→ **Provided data**
== Segment start ==

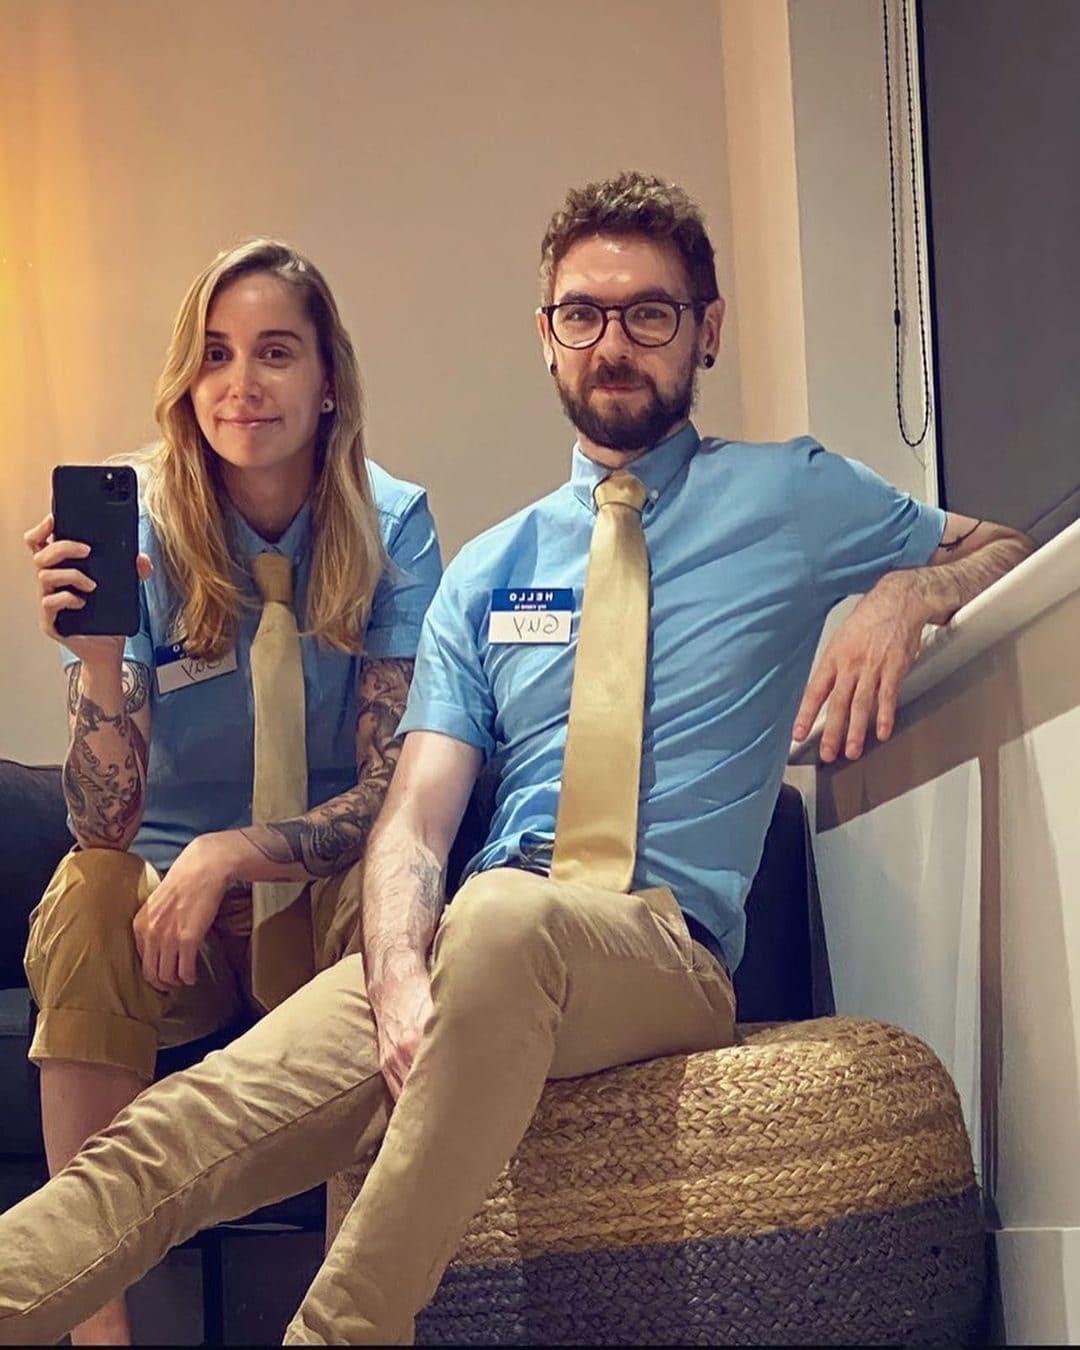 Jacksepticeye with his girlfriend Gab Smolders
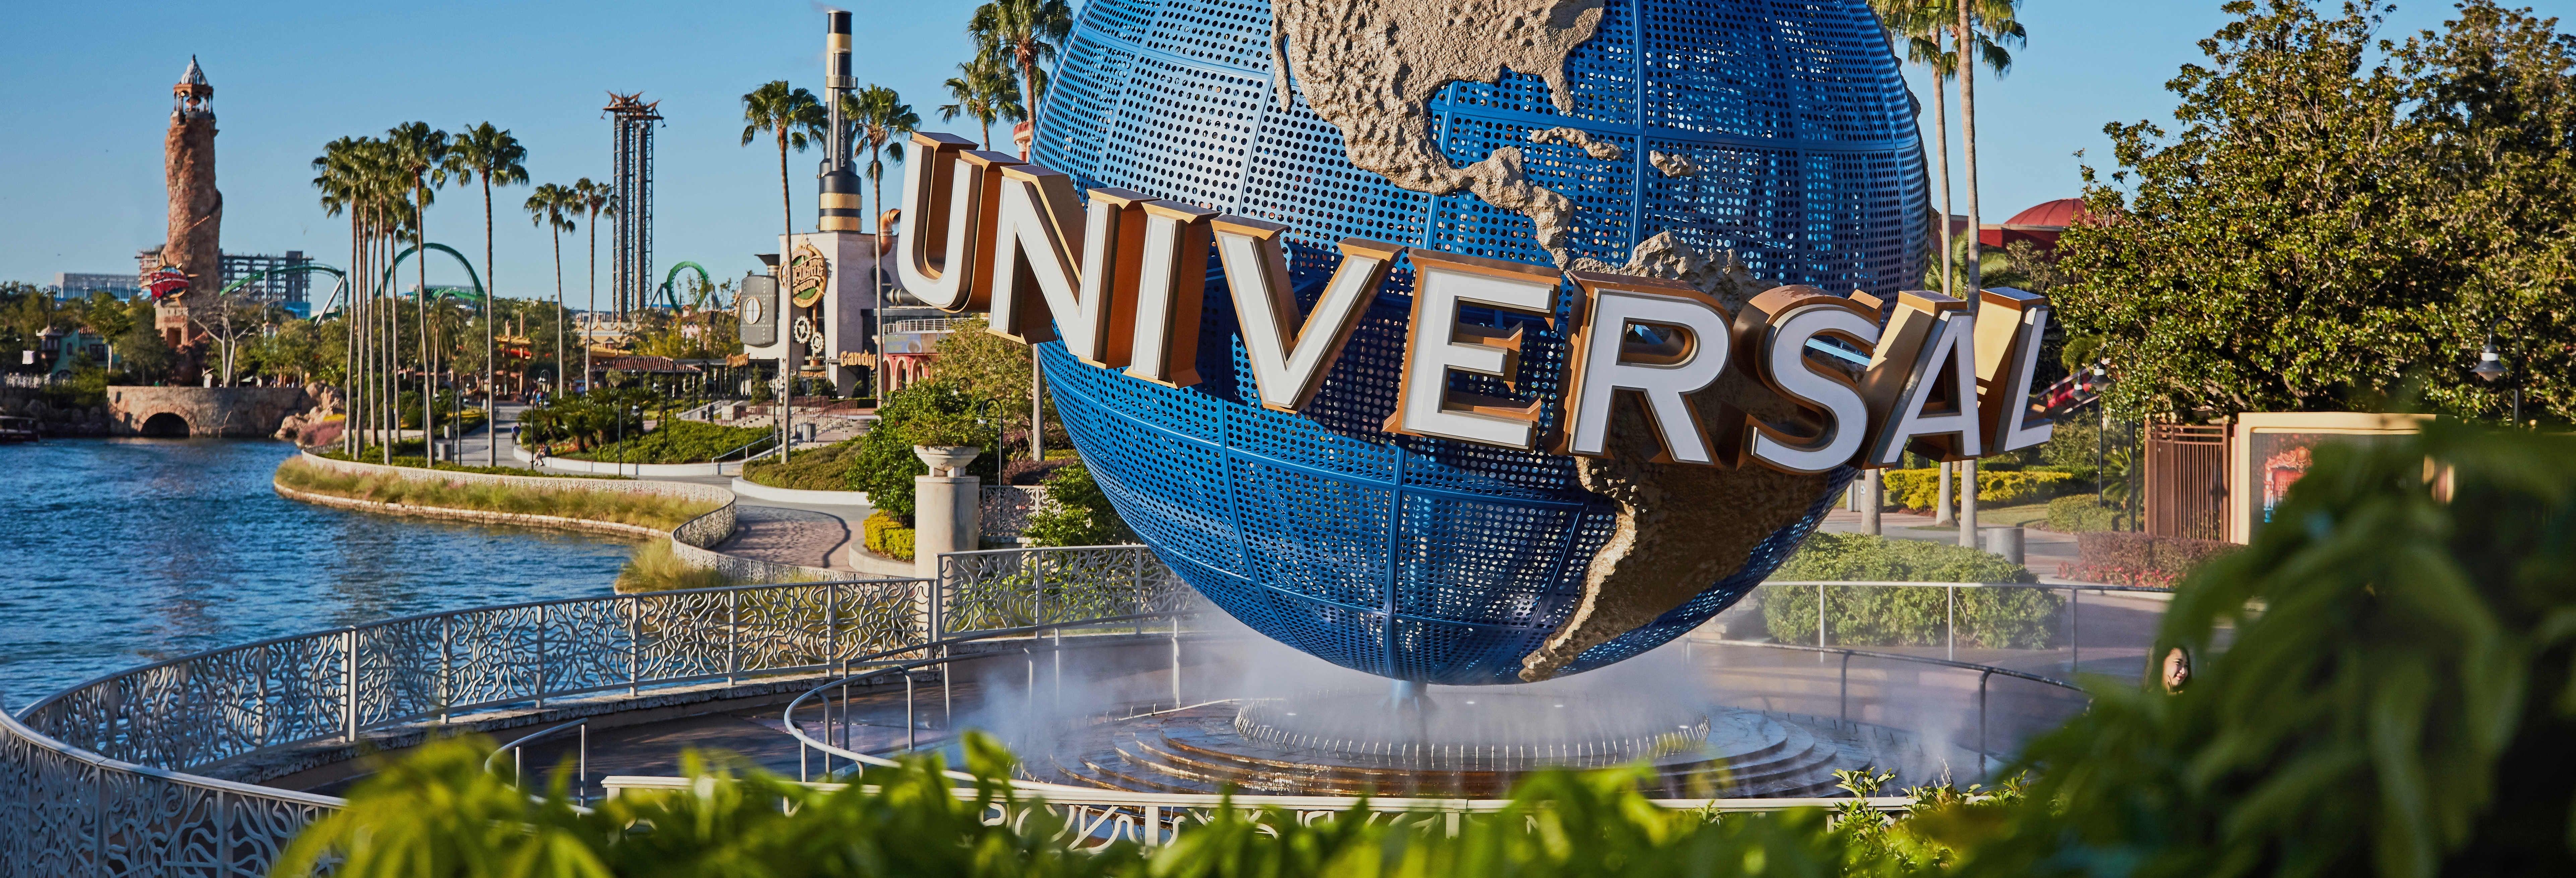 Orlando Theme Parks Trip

== Segment end ==
== Segment start ==

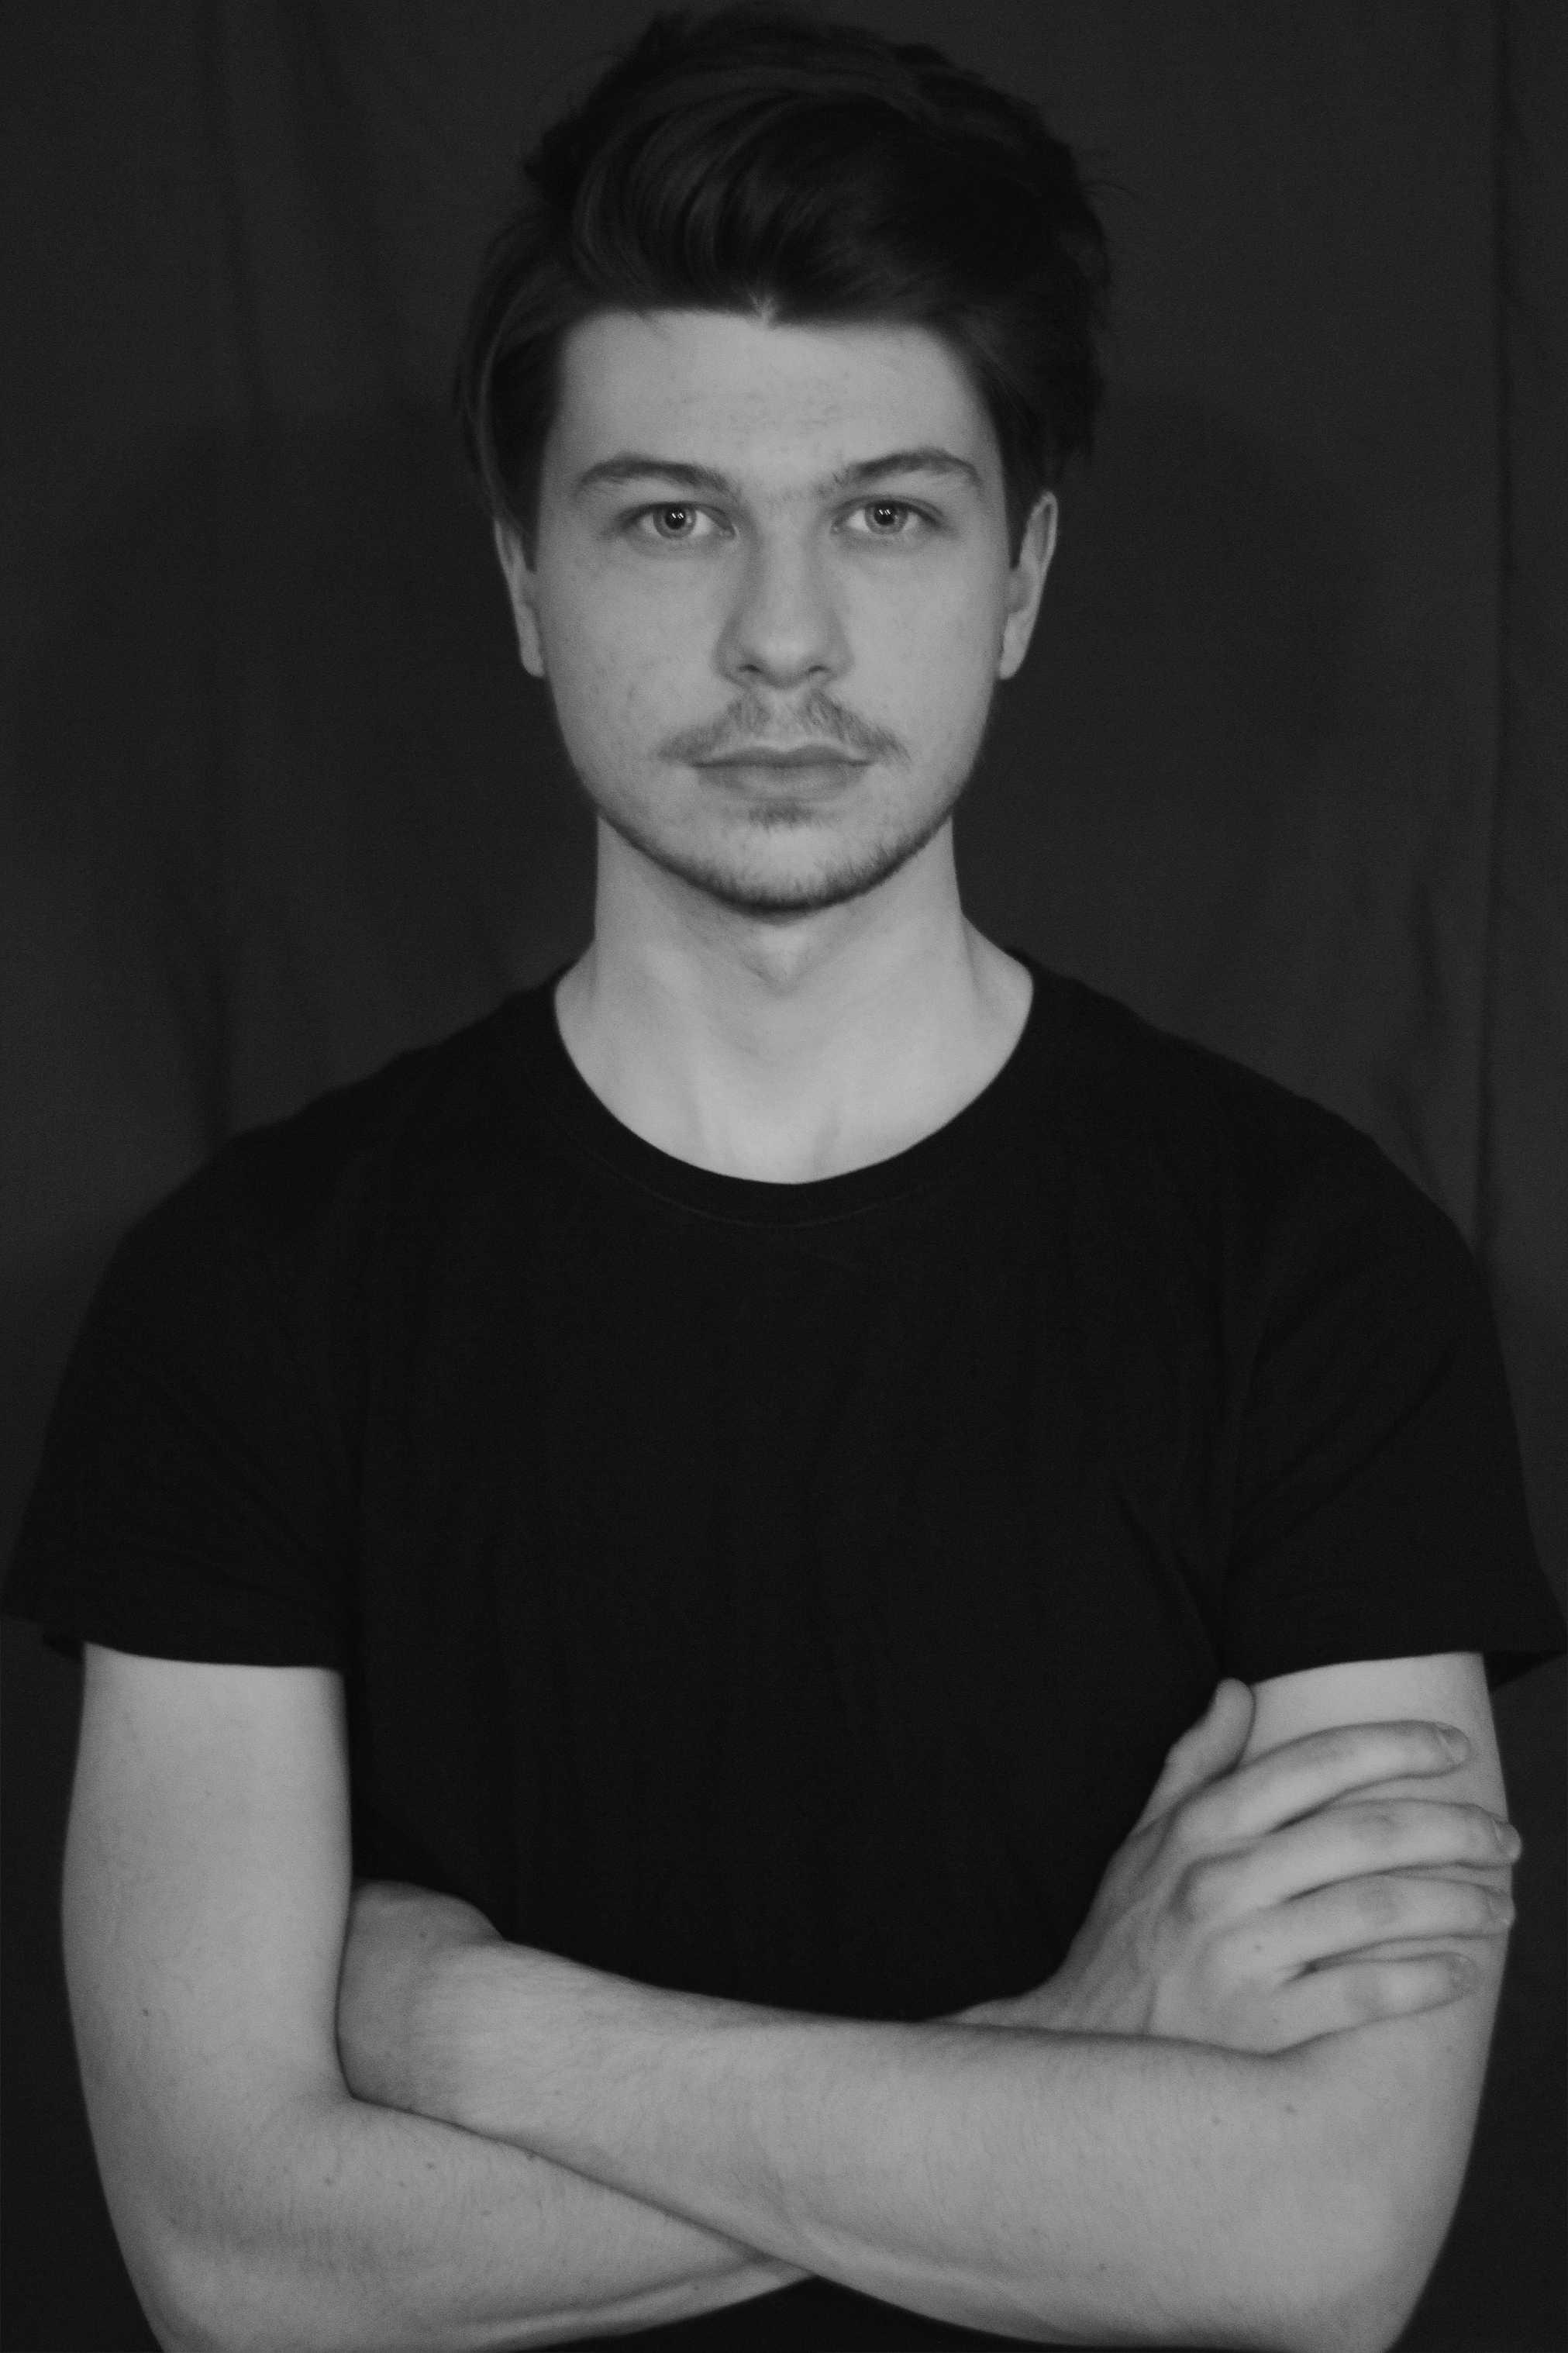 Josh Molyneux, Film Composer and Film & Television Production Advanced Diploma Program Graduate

== Segment end ==

→ **Directions**
Nothing but the lines from the one with "Jacksepticeye with his" to the one with "Orlando Theme Parks Trip" above, both included, should be transcribed, exactly and without pictures.

→ **Task response**
 Jacksepticeye with his girlfriend Gab Smolders
 Orlando Theme Parks Trip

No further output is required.